Man! it's been soo long since i last updated. wow.. feels good to xpress again.=P

WOw, just when I thought my whole summer was kinda gonna be boring, busy and all... all the blessings suddenly come!

It's been my joy seein people get saved, and this happened during a play in our church in marikina just before May 1. it's truly a blessing, tears of joy once again. You just don't know how God's going to move... just seeing that there are no people left in the chairs sitting when it was time for the altar call. Grabe.
and after all that, getting a major good laugh with churchmates.

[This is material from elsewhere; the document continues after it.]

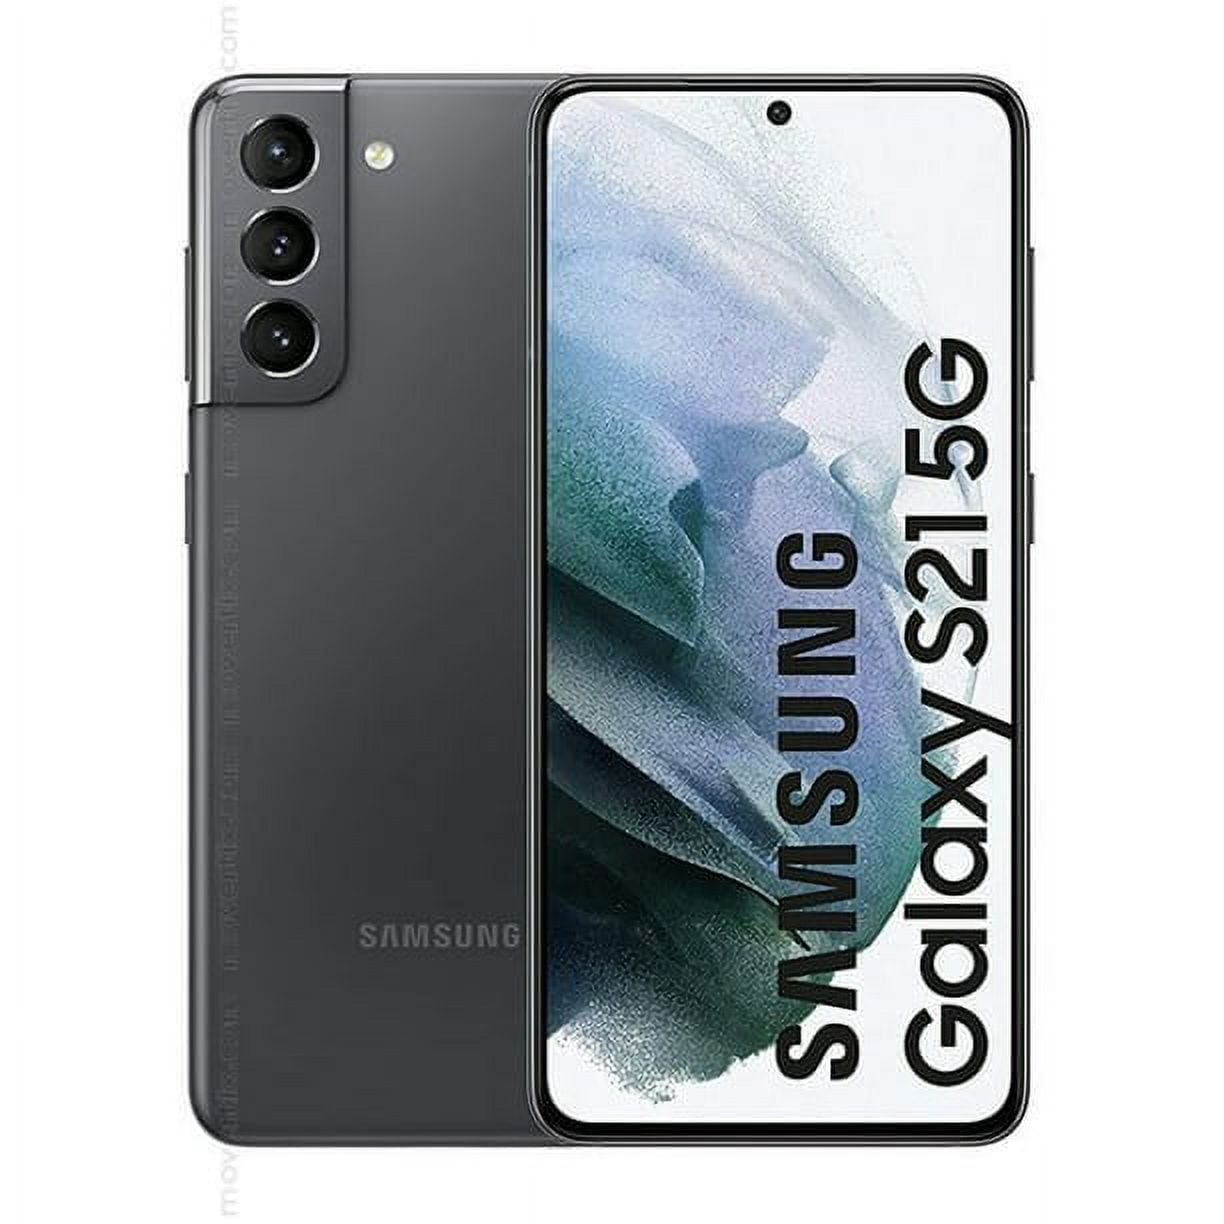 Refurbished Samsung Galaxy S21 Ultra 5G 256GB Price in Kenya

May 1, 2006.. best birthday ever? hehe..

sooo worried at first tryin to text people, inviting them to go... sad though coz it's really hard that I couldn't invite everyone..=( bawi nalang me..

this was the day that i actually didn't want to text! haha.. sooo tiring.. making templates na to the people who are gonna ask the same question.. but it's ok, their presence was worth it! I want to thank all the people who came. Even if it was a simple swim-eat-and-run, it was really special having you all there. And you gave bonuses pa, thanks for all ze givs.=P DS, Kez, i really don't know how you managed to burn 17 tracks with the same song in the cd! but thank you, for the effort and for my (sige na nga) feel good song.=) I assure you, I'm really going to smile whenever I listen to that.. pero shhh.. ok?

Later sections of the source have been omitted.